I’m creating the change management documentation for our IVR update process, and I’m getting conflicting information from our developers.
If we need to change an existing audio prompt (e.g., updating our holiday closure dates), some devs say we can just upload the new .wav file to the Prompts UI and it instantly goes live. Other devs insist we absolutely must open the Architect flow and click ‘Publish’ again, or the old audio will keep playing. Which one is true? I want to make sure our communications team has a streamlined process that doesn’t require risking a flow republish unless absolutely necessary.
I build flows for multiple clients, and this trips everyone up!

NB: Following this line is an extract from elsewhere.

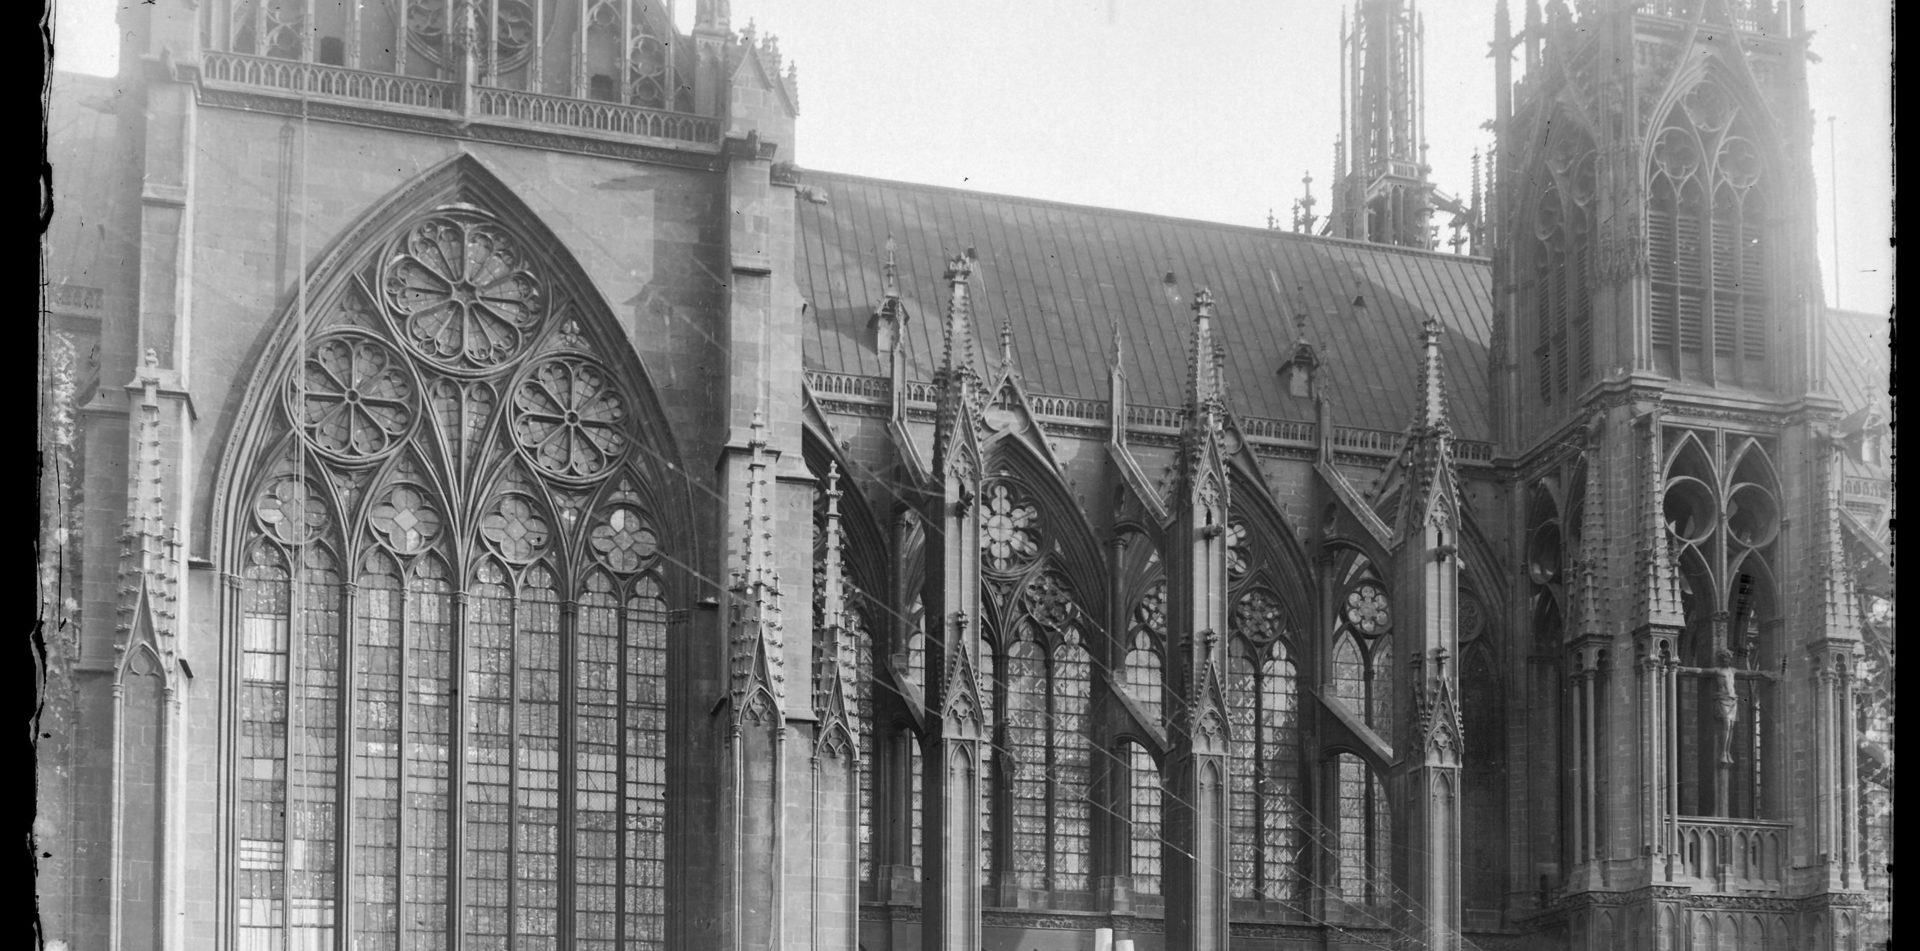 Contenu du Les vitraux de la cathédrale de Metz

They are actually BOTH right, depending on how the prompt is configured. If you are using ‘User Prompts’ (the ones you create in the Prompts UI), updating the audio file there updates it instantly for all flows using it. No republish needed!
HOWEVER, if the developer used the text-to-speech (TTS) override inside the Play Audio block, or if they uploaded the .wav file directly into the specific Play Audio block (called an ‘Inline Prompt’), then that audio is baked into the flow version. In that case, you MUST republish the flow to change it.
To build on 's point, as an AWS architect, I always push my clients to use dynamic User Prompts for this exact reason.
If you hardcode inline prompts, your business users can’t easily update emergency messages without giving them full Architect edit permissions (which is a huge risk). Stick to User Prompts, and your Comms team can just swap the .wav file in the UI securely without ever touching the actual routing logic.
One tiny caveat that drove me crazy when I was building some real-time test dashboards:
Even if you update a User Prompt, active calls that are already executing that specific flow version might still hear the old audio if the prompt was cached on the Edge at the start of the call. It only guarantees the new audio for new inbound calls that arrive after the prompt update is saved. It’s usually not a big deal, but don’t panic if someone who called in 5 minutes ago hears the old message!